Ces dernières semaines, alors que les Jeux Olympiques et Paralympiques ré-enchantaient nos concitoyens et créaient de nouvelles espérances, la classe politique française montrait l’un de ses visages les moins séduisants. Le mot coalition a été dans toutes les bouches, l’individualisme et la prétention dans tous les comportements. L’impasse a commencé à se dessiner et le chaos institutionnel à se présenter à nous. Dans de telles situations, et nous le savons pourtant très bien, c’est hélas toujours les extrêmes qui sortent renforcés et en position d’imposer la résignation à une partie toujours plus importante de la société.

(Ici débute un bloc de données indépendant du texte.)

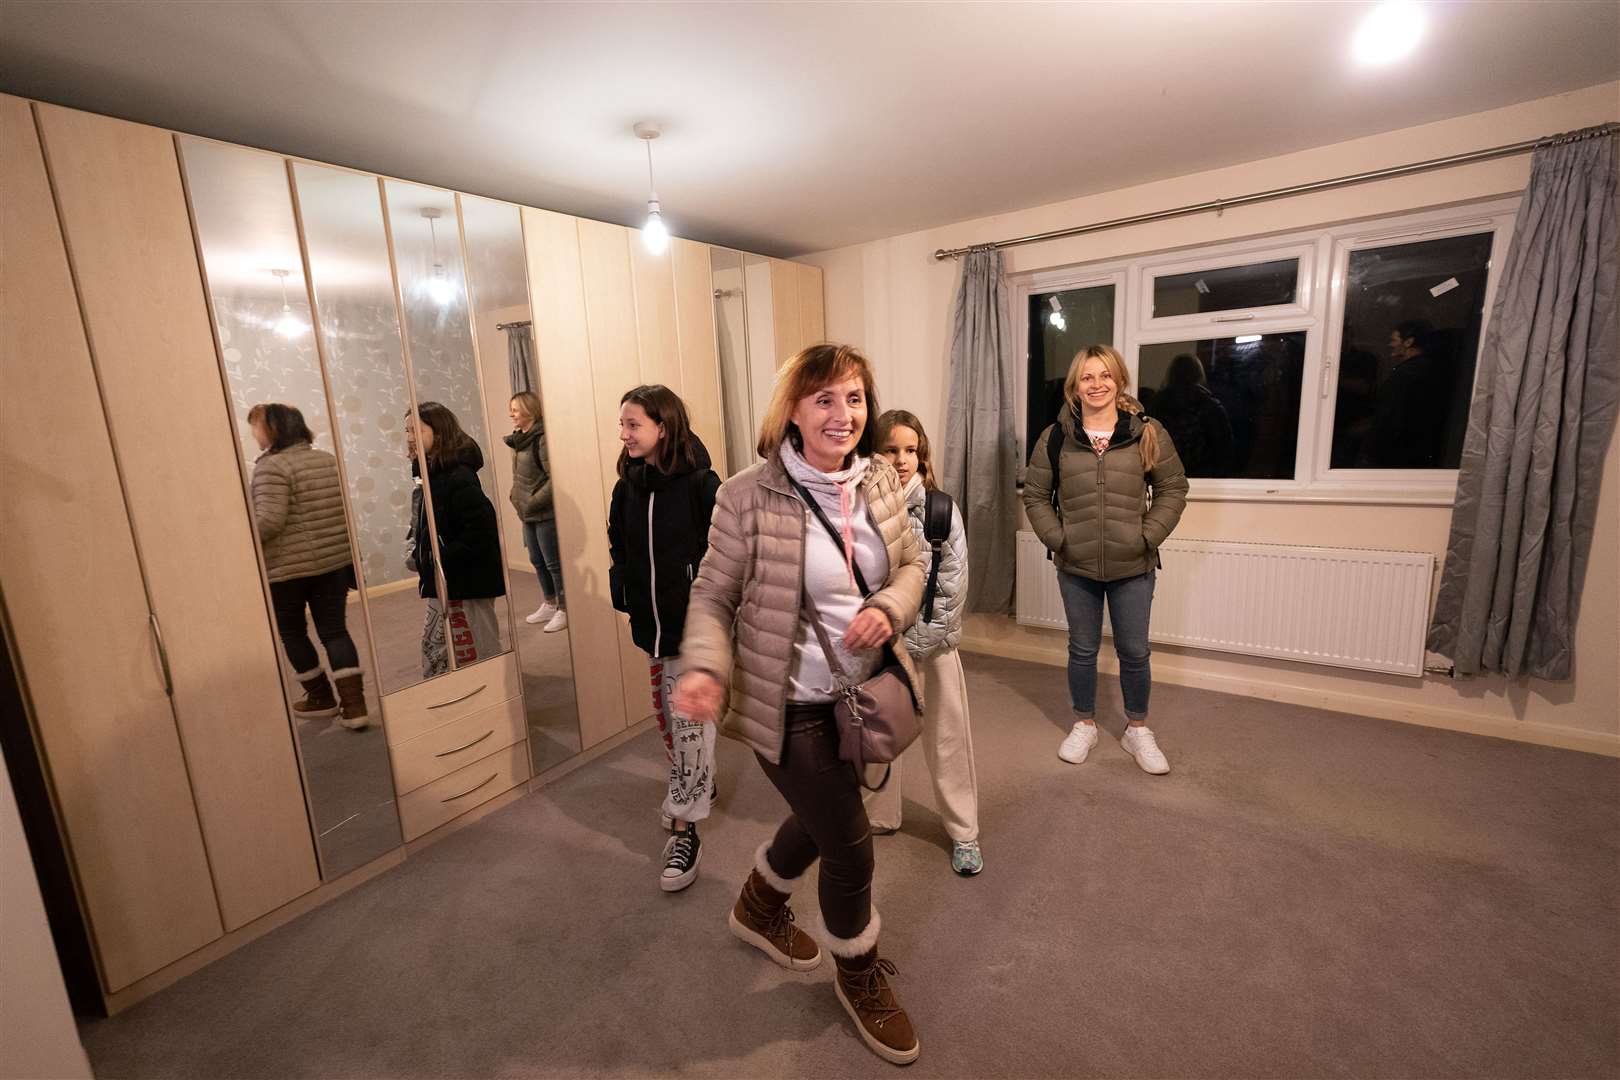 Iryna Starkova and her family look around one of the bedrooms in their new home in Caldecote near Cambridge. (Joe Giddens/ PA)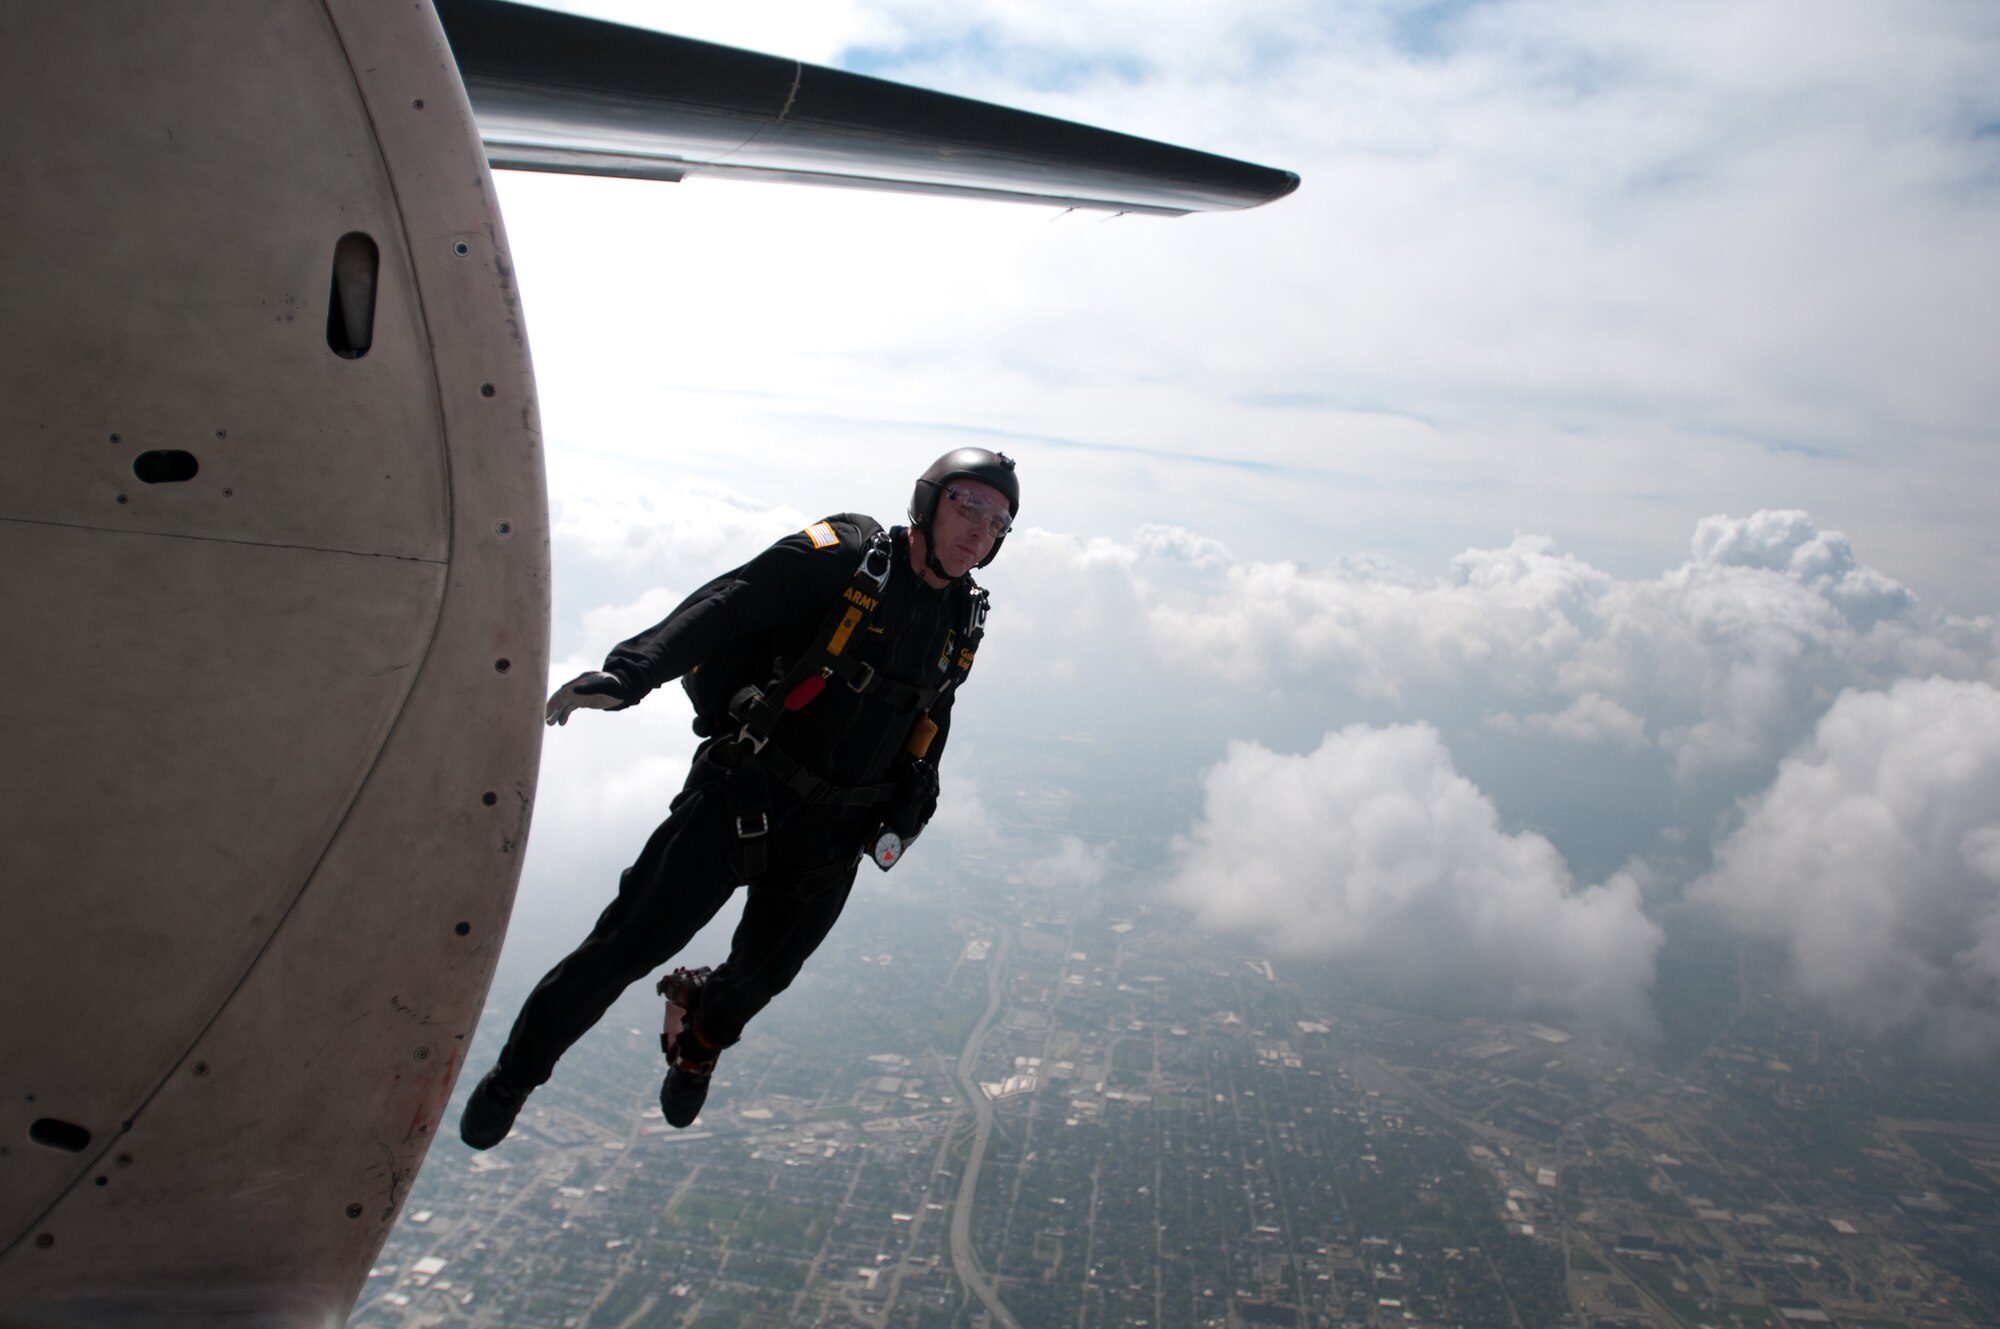 Sgt. 1st Class Corey Hood, a member of the U.S. Army Parachute Team, also known as The Golden Knights, performs a practice jump into downtown Louisville, Ky., on April 17, 2015. The Golden Knights are performing in the 2015 Thunder Over Louisville air show April 18. (U.S. Air National Guard photo by Master Sgt. Phil Speck)

Sommes-nous sortis de cette situation ? Non, clairement. Mais un Premier ministre a été nommé, Michel Barnier. Homme politique de droite, conservateur, ce qui m’amènera certainement à avoir de réels désaccords avec des mesures qu’il proposera, grand serviteur de l’Etat, européen convaincu, ancien élu local et national, négociateur reconnu, Michel Barnier présente une expérience qui, je le pense, au-delà des divergences de fond que nous aurons, peut être utile à notre pays dans la période que nous vivons. Je lui souhaite à lui et à l’équipe qu’il va construire de réussir. Car là est maintenant notre responsabilité collective. Nous devons tout mettre en œuvre pour que le dialogue entre les différentes forces politiques républicaines et démocrates de notre pays devienne une réalité. En cela, l’instauration du scrutin à la proportionnelle pour les élections législatives me paraît indispensable, tout comme la transformation de la motion de censure en motion de défiance constructive. Nous devons sortir des invectives et des positionnements dogmatiques. Nous devons le faire pour répondre aux préoccupations des Françaises et des Français. Nous devons le faire avec le souci, comme l’a très justement dit Michel Barnier, de répondre à une triple attente de nos concitoyens : le respect, l’unité et l’apaisement. Pour notre démocratie, pour notre République, pour toutes nos concitoyennes et tous nos concitoyens, à nous de nous y atteler avec convictions, détermination et exigence.